"The Right Angle"

Heidi Parent

Random Thoughts

On Kerry and the War on Terror

by Heidi Parent
08/16/04

Bush Doctrine

When terrorists repeatedly targeted American interests, President Clinton didn't retaliate, I mean outside of a few token cruise missiles, and the result was the 9/11 attacks. After 9/11, President Bush launched the War on Terror and took action in Afghanistan, ousting a regime sympathetic to terrorists. He then moved on to Iraq, ousting another regime sympathetic to terrorists. Now we will never know if one or more 9/11s have been prevented because of this action. But we certainly do know that we haven't had an attack since 9/11. Which begs the question – which is better, inaction or action? Sitting idly by or going on offense? To me the evidence speaks for itself.

Kerry Doctrine

John Kerry hasn't been very forthcoming when it comes to specifics about his approach to national security, preferring instead to make broad statements like, “I will fight the War on Terror smarter”, whatever that means. But his acceptance speech at the Democratic Convention contained one very revealing statement: “Let there be no mistake. I will never hesitate to use force when it is required. Any attack will be met with a swift and certain response.” (my italics). In other words, rather than destroying the enemy before he can do us harm, President Kerry would wait until we lose 3,000 more people before he takes action. Sounds pretty Clinton-like to me. And we all know how that turned out.

Kerry's balancing act

In an effort to be all things to all voters, John Kerry is trying to walk a fine line between hawk and dove. On one hand he is trying to act tough in order to appeal to voters who support the war. But on the other hand he makes dovish statements in an effort to appeal to the anti-war crowd, a group whose vote he could quickly lose to a genuine anti-war candidate, Ralph Nader. But more often than not he makes noncommittal statements like, “Now, might we have wound up going to war with Saddam Hussein? You bet we might have, after we exhausted those remedies and found that he wasn't complying and so on and so forth.” Notice the “we might have” phrase?

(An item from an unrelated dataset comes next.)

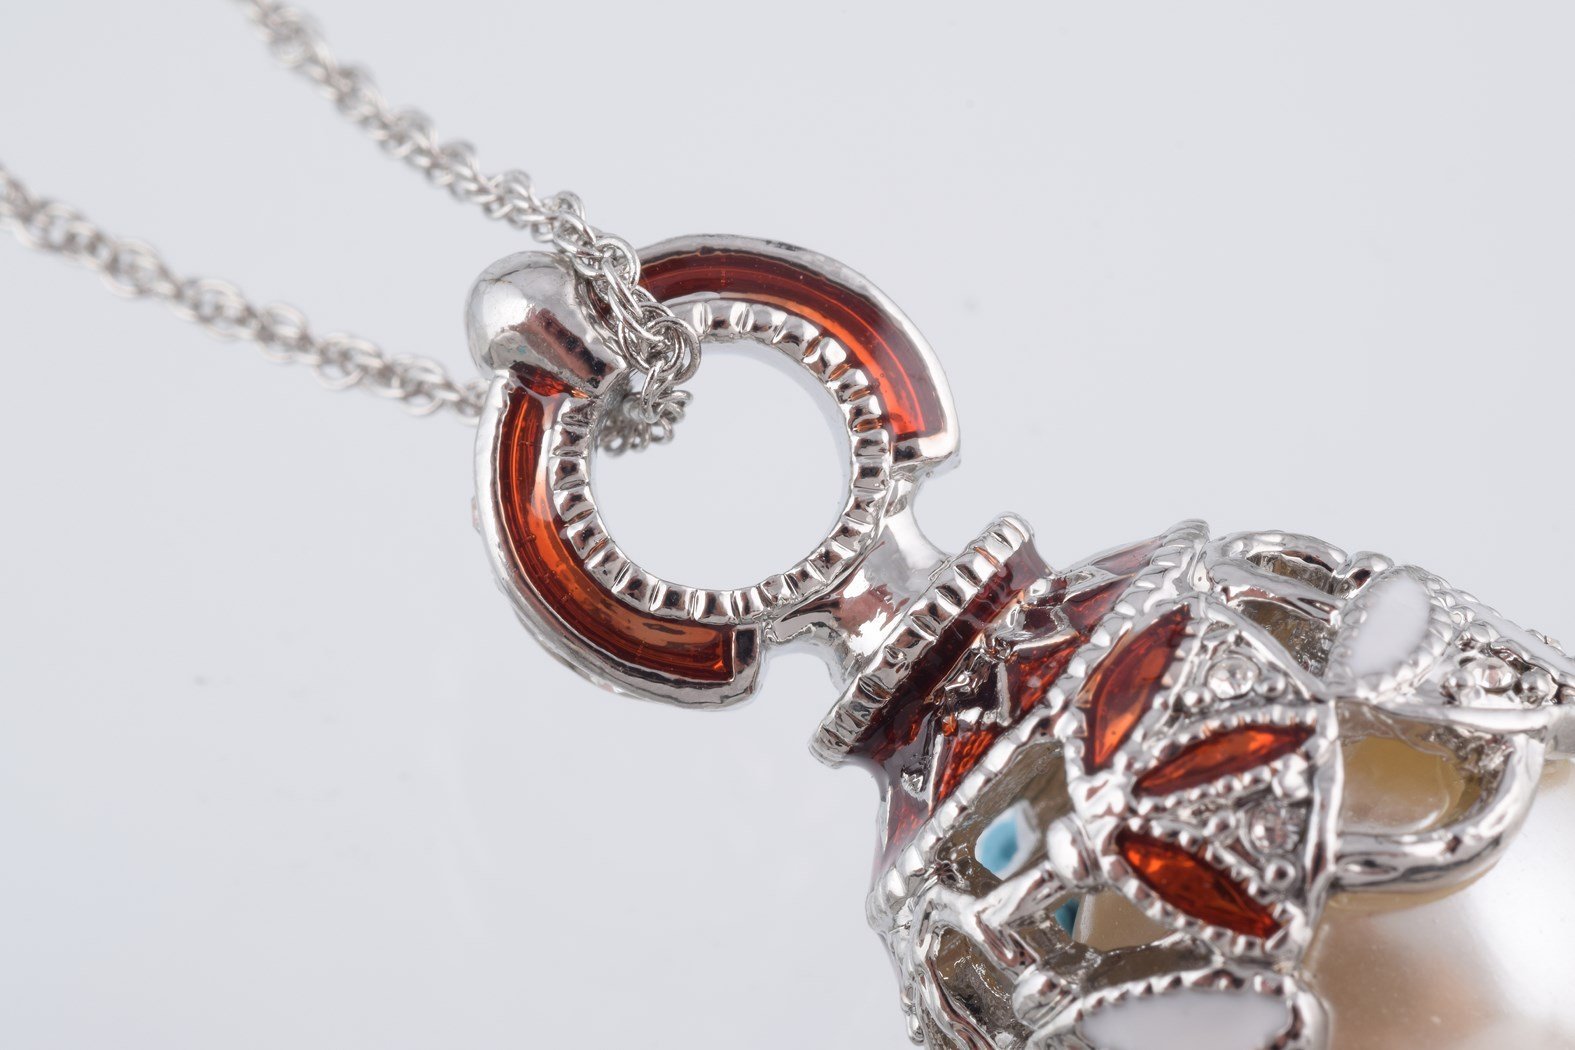 Keren Kopal Silver & Red Pearl Egg Pendant Necklace  39.00
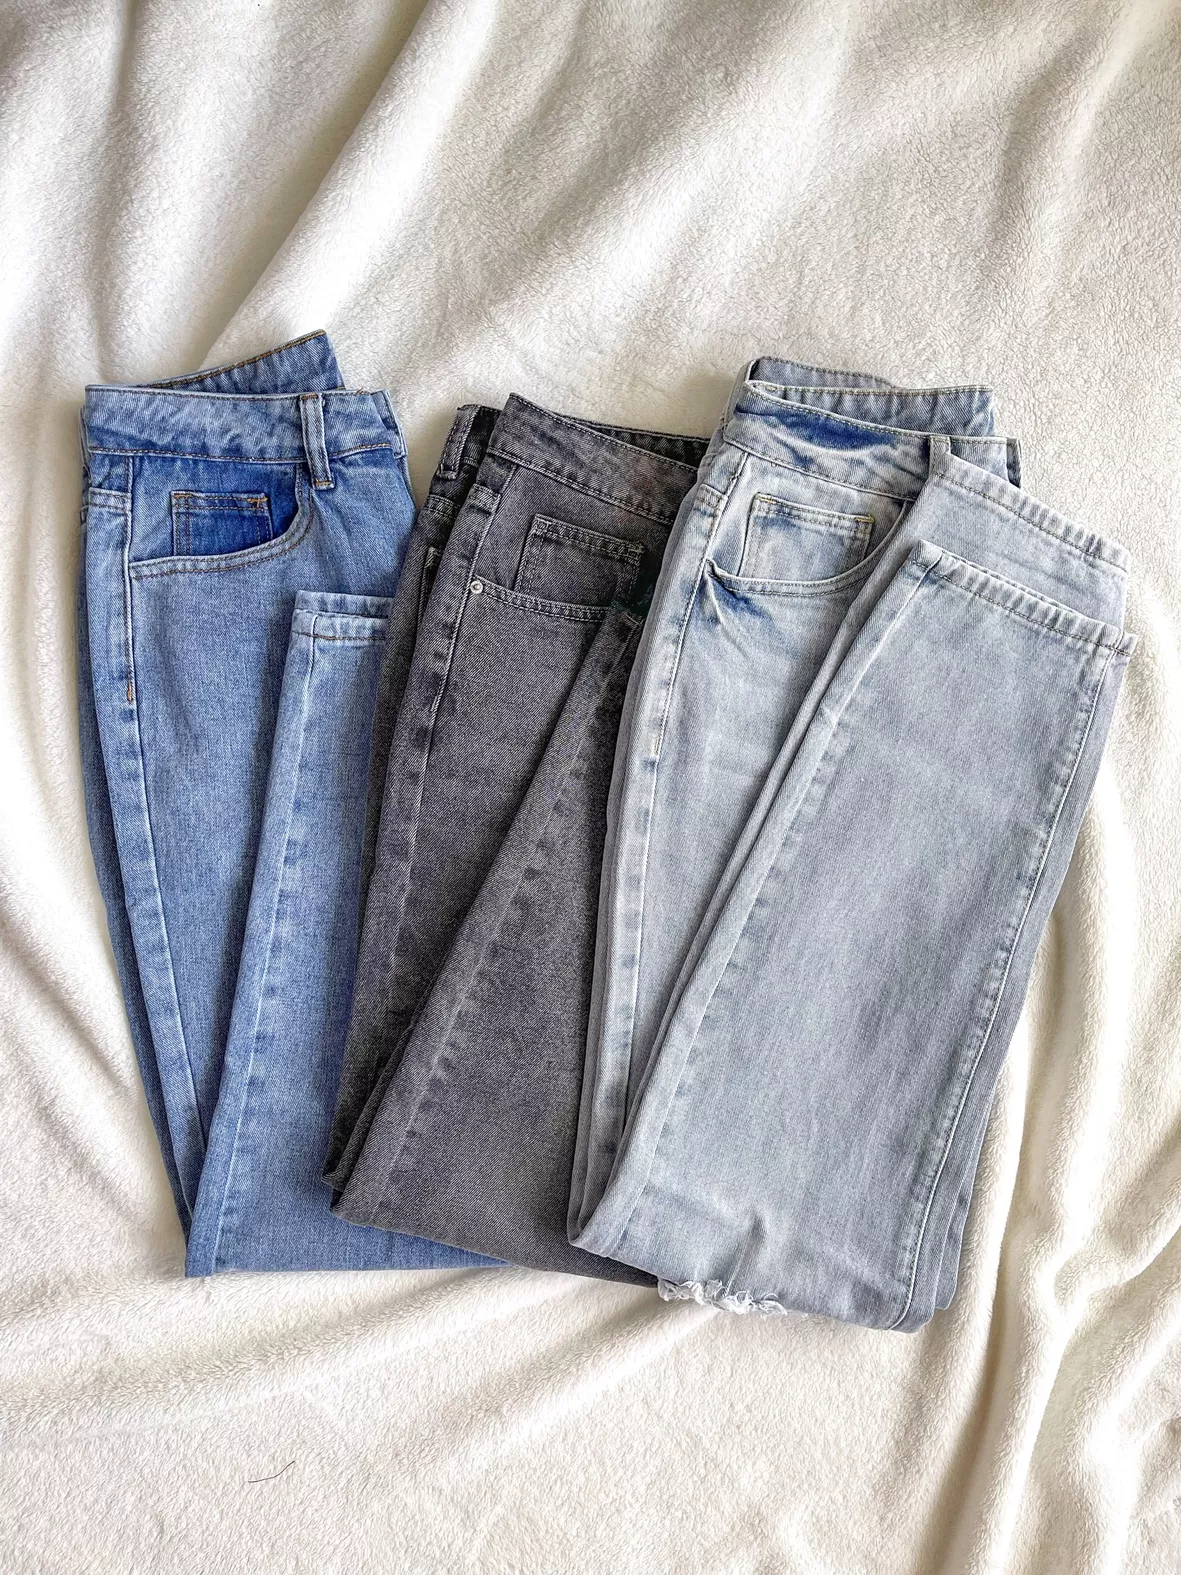 Risen Rhinestone Pocket Jeans curated on LTK

It could just as easily mean, “we might not have,” should John need to switch gears when in front of a different audience. It's this lack of commitment that reveals the type of leader John Kerry would be and it's the type of leader we can't afford to have at this point in history. When it comes to the most serious issue facing this country in generations, we deserve a president who has the guts to decisively state what he believes and act on those beliefs. What we don't need is someone who is afraid to be decisive for fear of alienating one group or another.

We need to feel the terrorists’ pain!

John Kerry recently said, “I believe I can fight a more effective, more thoughtful, more strategic, more proactive, more sensitive War on Terror that reaches out to other nations and brings them to our side and lives up to American values in history.” Sensitive? Leave it to a liberal to worry about waging war “sensitively.” But this quote is quite revealing as it exposes the difference between how President Bush fights the War on Terror and how John Kerry would fight it. And come November, voters will be able to decide whether they want someone leading this country who will fight the War on Terror sensitively or someone who will fight it seriously and aggressively.

The real enemy?

With our country at war and still being targeted by terrorists intent on destroying us, Ted Kennedy declared at the Democratic Convention, "The only thing we have to fear is four more years of George W. Bush." It's amazing anyone takes these people seriously with ridiculous rhetoric like this.

Sounds like a familiar strategy

A plot to blow up the Dirksen federal building in Chicago was recently foiled when federal authorities arrested a man who intended to sell 1,500 pounds of what he thought was ammonium nitrate fertilizer to terrorists who would then blow up the building with a truck bomb. The funny thing is he didn't actually have a bomb, just the capability to make one. When explaining the arrest, U.S. Attorney Patrick Fitzgerald said, “He had a rational plan to build a bomb. We weren't going to wait to see if it would work.” Sounds pretty preemptive to me. C’mon liberals, where's the outrage?

Me? I'm just an average guy running for President

Let's end on a lighter note….

When did the practice of putting candidates in “average guy” photo-ops begin? You know the ones I mean. Pancake flipping candidate, reading Dr. Seuss books to first graders candidate, working the assembly line at the factory candidate. At the very least, these staged photo-ops can derail a campaign faster than a camera's shutter. Remember Dukakis in the tank or Gary Bauer falling off the stage trying to catch his pancake? So why take the risk? Do these images sway even one voter? Is there actually someone out there who votes based on a candidate's ability to tighten a bolt on an assembly line or his interpretation of Green Eggs and Ham? I hope not. I sincerely pray most voters ask a bit more from a presidential candidate than whether or not he flips a good flapjack.